Wednesday 1 April 2015

GEORGIA: RISE AND SHINE

onathan Bastable got to know Georgia when it was a sleepy Soviet republic. Returning for the first time since independence, he finds it in feisty form, with a new, bright-eyed, savvy style. Photographs by Tom Parker
In the highlands of Kazbegi, mornings are the best time of day. The Russian poet Boris Pasternak, who loved the Caucasus, compared this rocky part of Georgia to a 'great rumpled bed'. And it is quite a thing to wake up at cock's crow and, from the comfort of your own rumpled bed, to look out across the valley to the lonely Church of the Trinity on the nearest peak. The distant chapel has the distinctively Georgian spire: an inverted cone, like the upturned tip of a brand-new crayon.
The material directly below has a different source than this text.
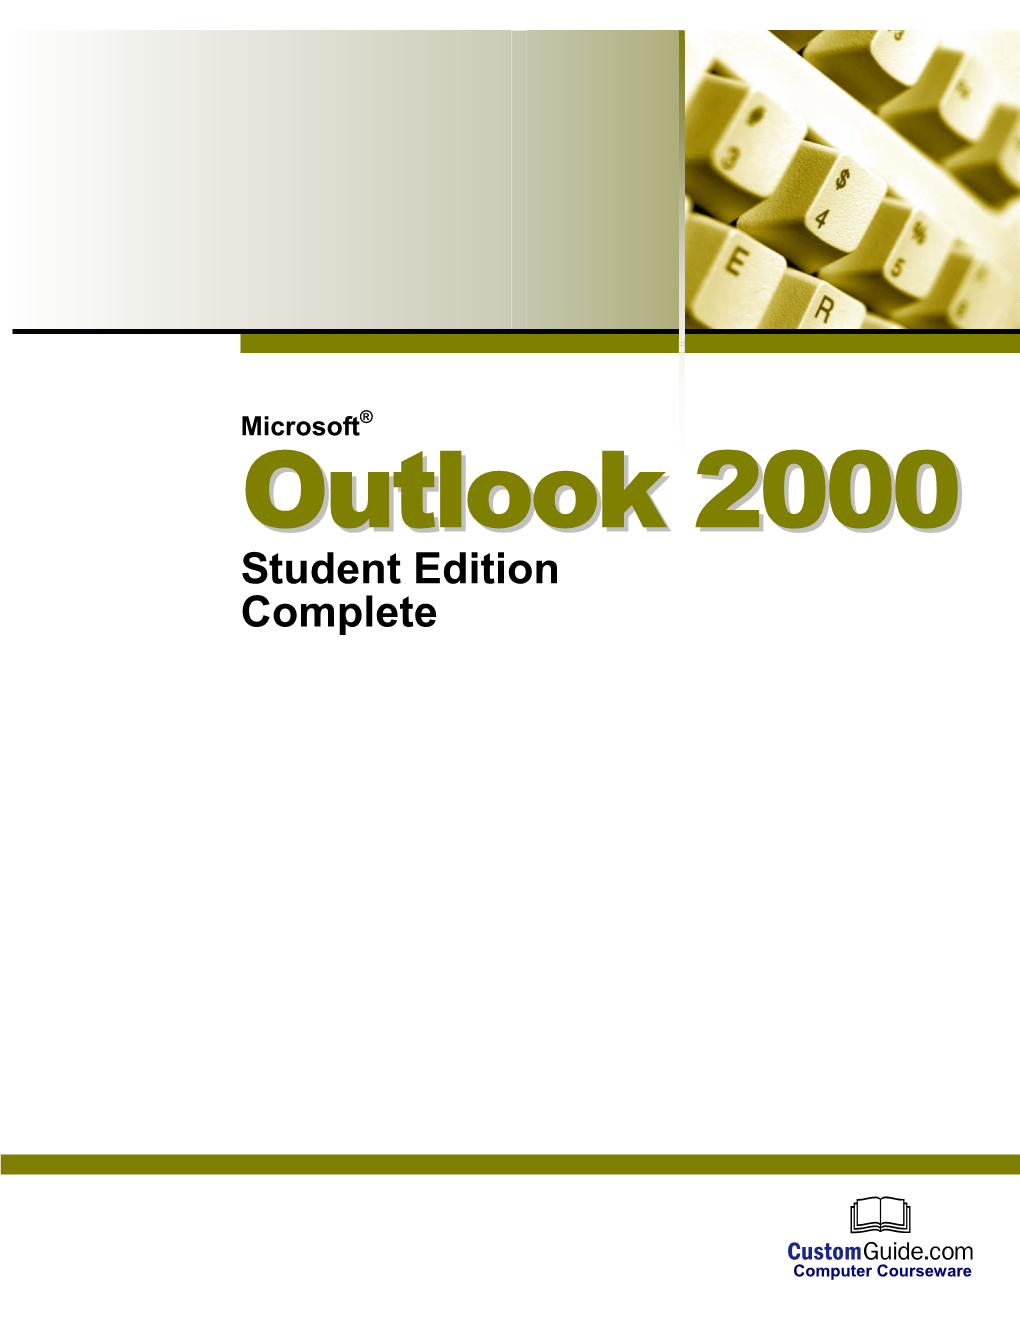 Outlook 2000?

The adjacent bell tower has the same pointed lid on it, and together they look like salt and pepper pots placed on a flowing green tablecloth.
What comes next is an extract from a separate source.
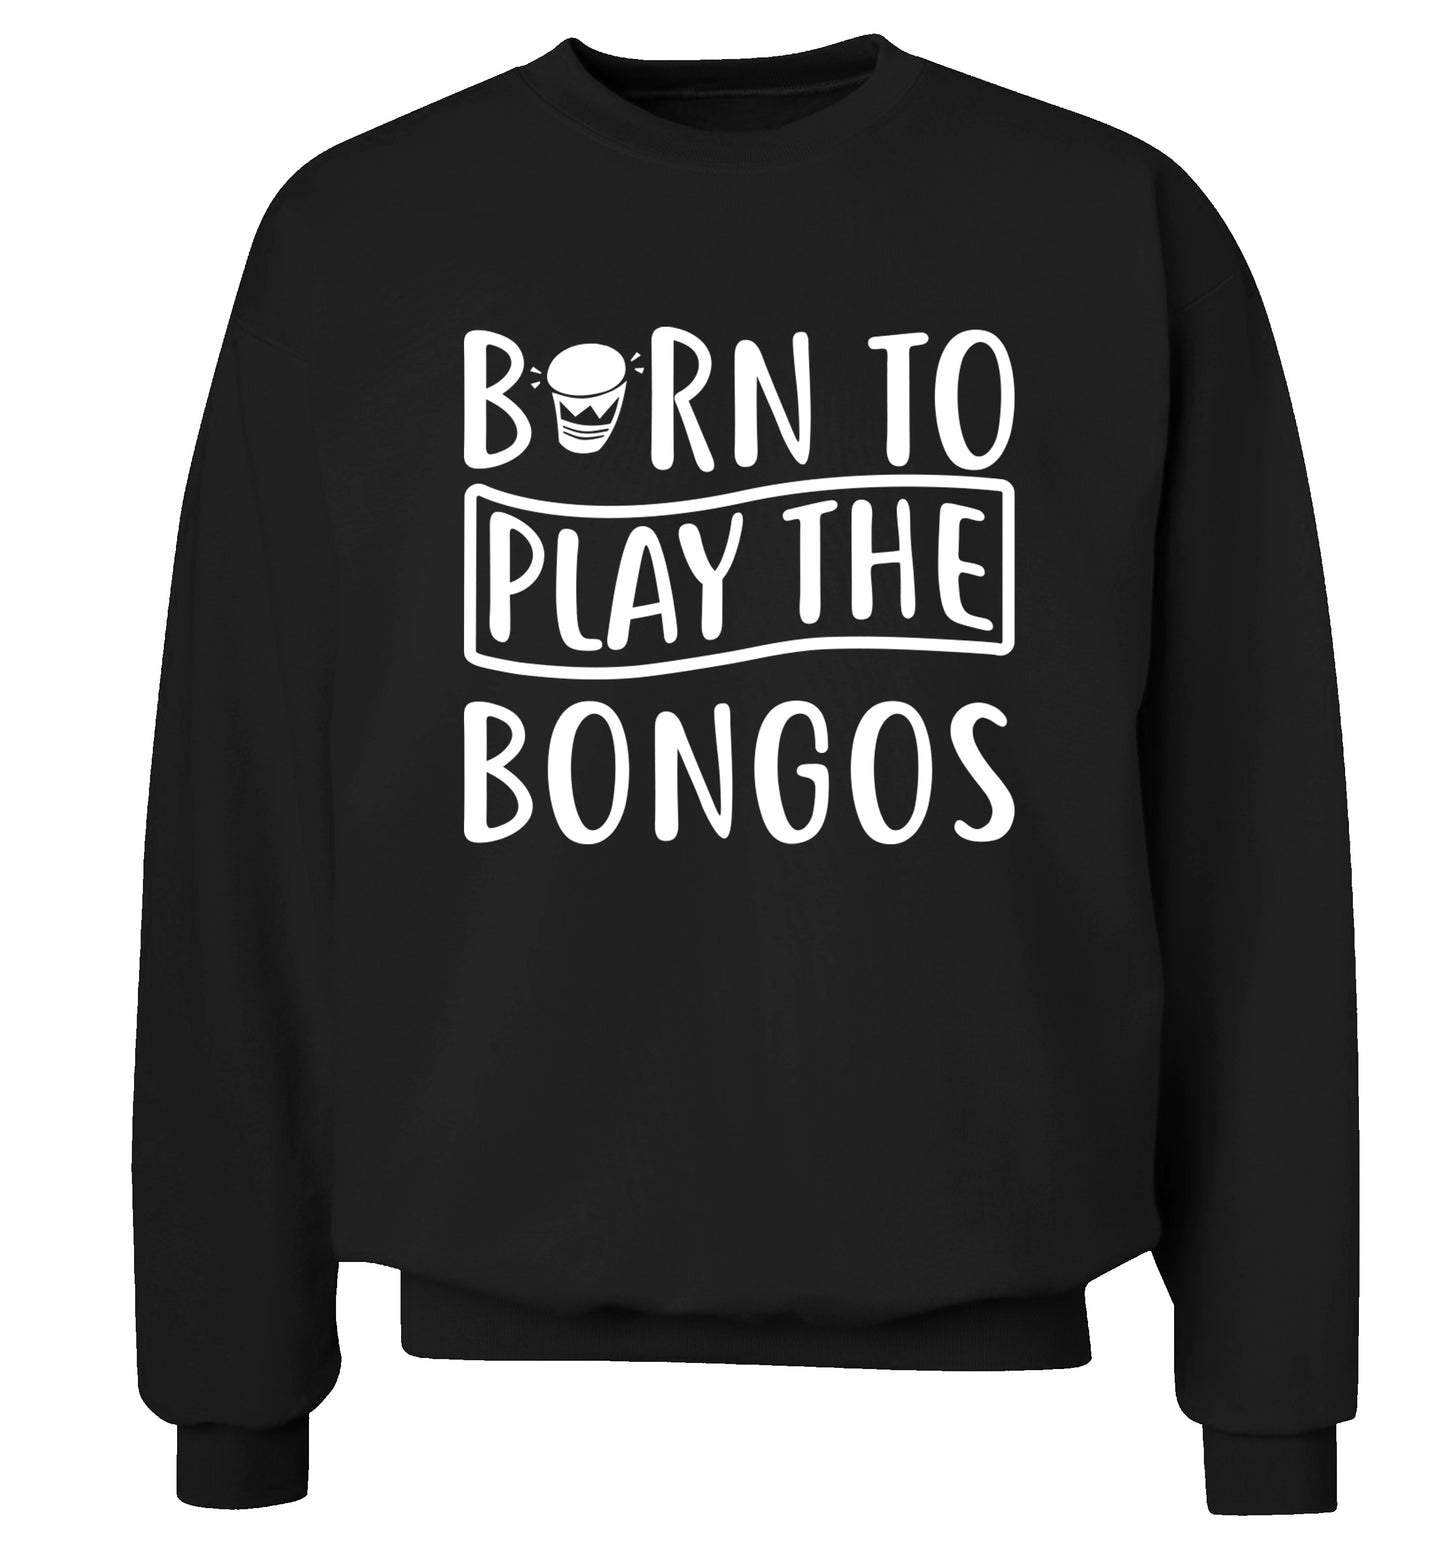 Born to play the bongos Adult's unisex black Sweater 2XL

The Caucasian uplands are craggier, more flinty than the Alps or Pyrenees. Their pikes and ridges are as sharp and dangerous as the blade of a shashka - the 'long knife' wielded by the Circassian tribesmen who once populated this country. The mountains are so tightly packed they seem to be jostling for space. The taller ones stand at the back, like children in a class photo - and, like some schoolchildren, they often have their heads in the clouds. Ah, but when those clouds part and the summit of Mount Kazbek appears, you know why this part of the world so captivates visitors, and why Georgians insist that their homeland is a God-given corner of paradise. Kazbek at dawn is a superb sight: a soaring white crest that (it has been said) resembles a cardinal's hat. When the risen sun shines directly on its snowy east face, the mountain blazes like a searchlight, and is almost too bright to look at.